Raising Awareness of Human Trafficking in Ontario

Anti-Human Trafficking
We are not for sale. Riley Smith/SaultOnline

In support of Human Trafficking Awareness Day Ontario Aboriginal Housing Services (OAHS) is working with partners across the province to raise awareness of human trafficking in Ontario communities.

“It’s crucial to learn the risk factors and signs of human trafficking,” says Justin Marchand, “few people know how prevalent it really is in Ontario.”

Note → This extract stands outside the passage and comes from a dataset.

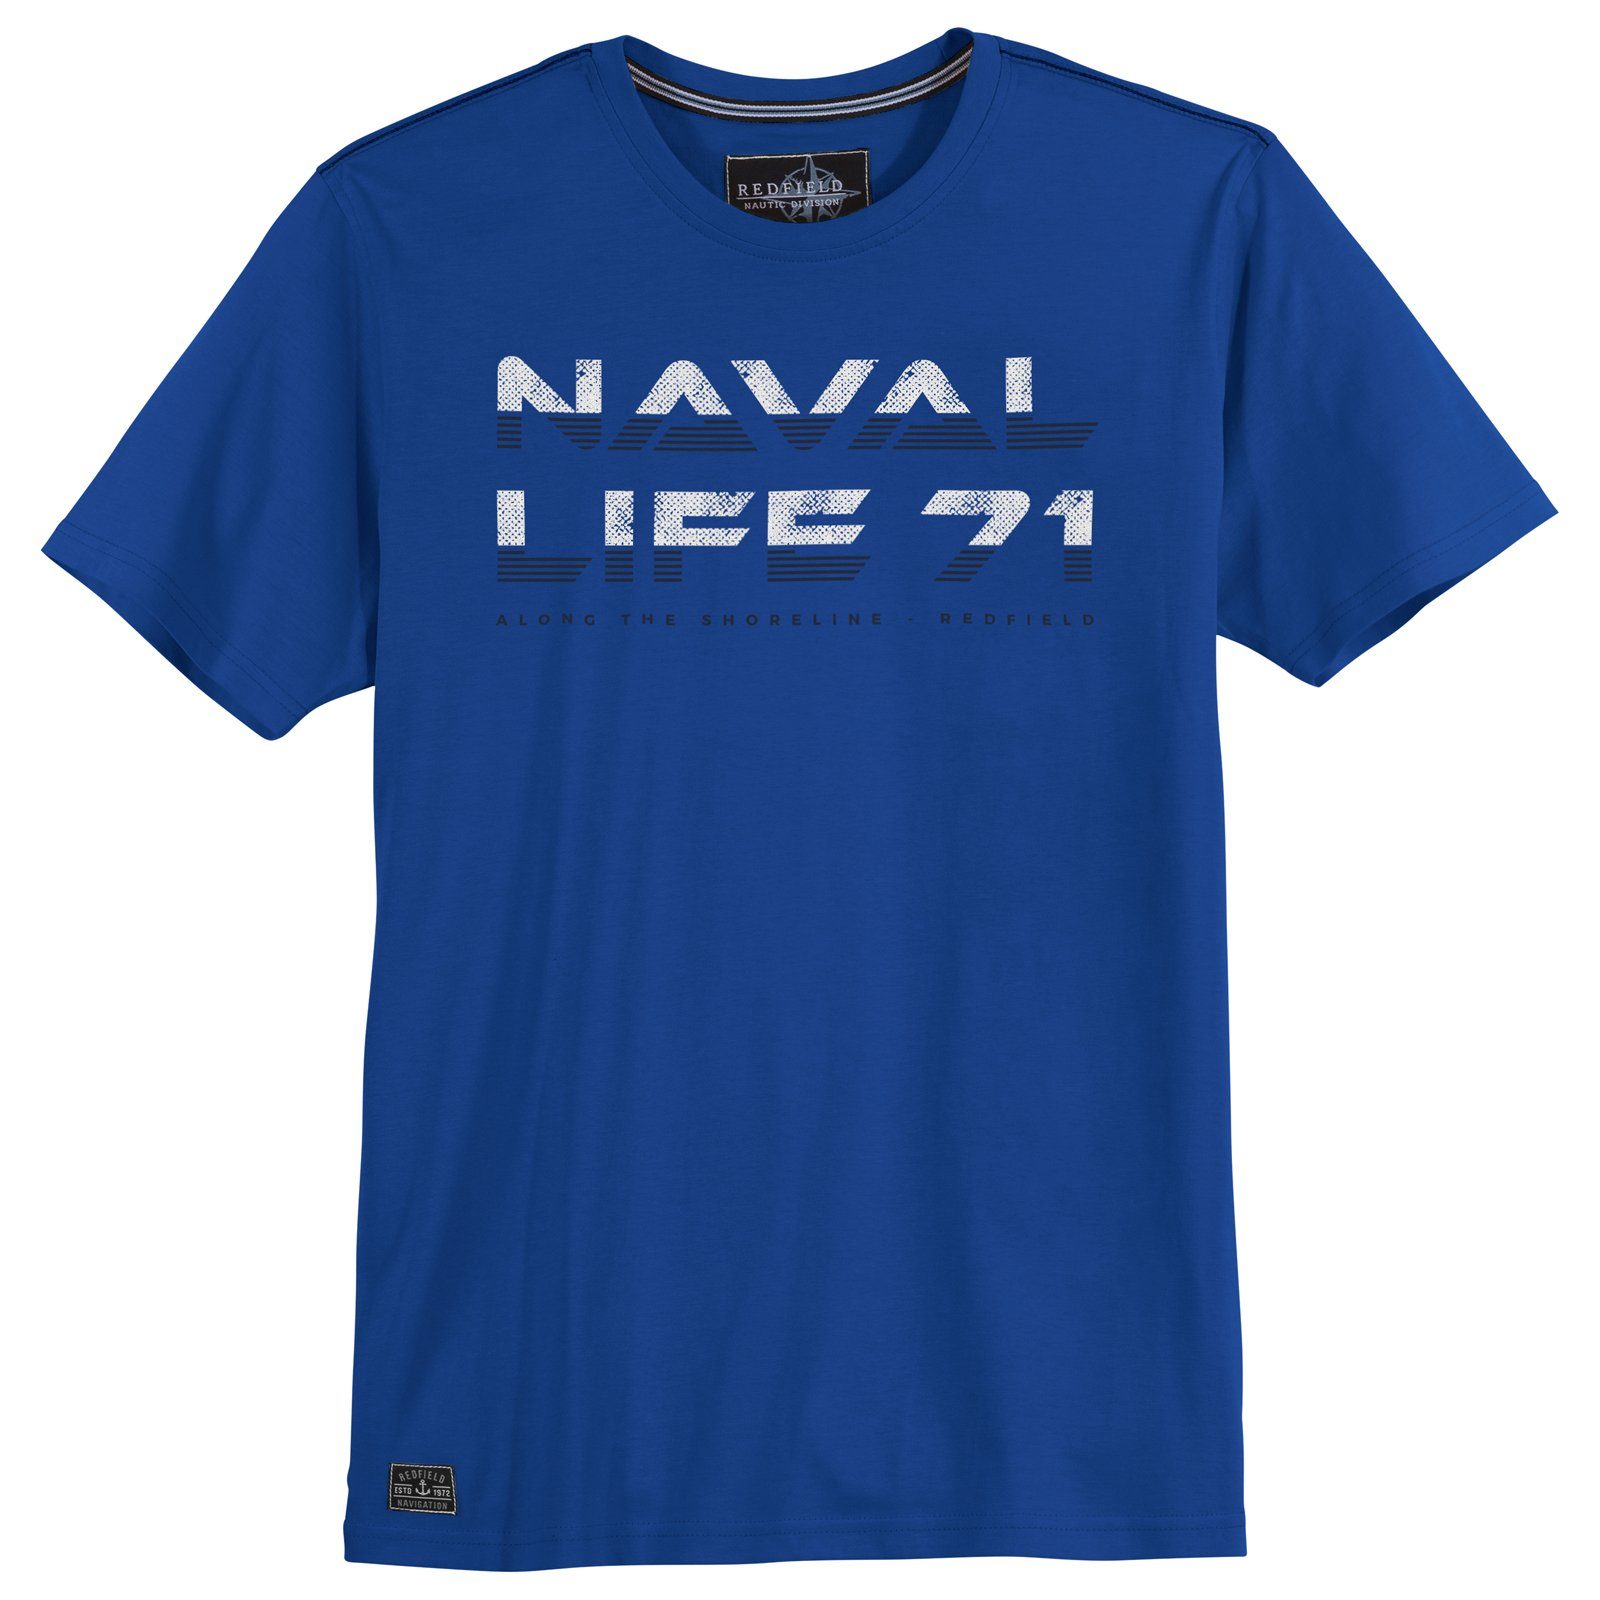 redfield Rundhalsshirt Große Größen Herren Naval 71 T-Shirt Life Redfield royalblau

Contrary to popular belief, human trafficking doesn’t only happen to people from other countries, and it doesn’t necessarily involve movement across international borders. According to police data, most of the people trafficked in Ontario are sexually exploited girls and women who are Canadian citizens or permanent residents. They are often recruited and sometimes even trafficked right in their own community.  Indigenous girls and women are at higher risks of becoming victims of human trafficking due to the negative socio-economic factors facing Indigenous people across the country.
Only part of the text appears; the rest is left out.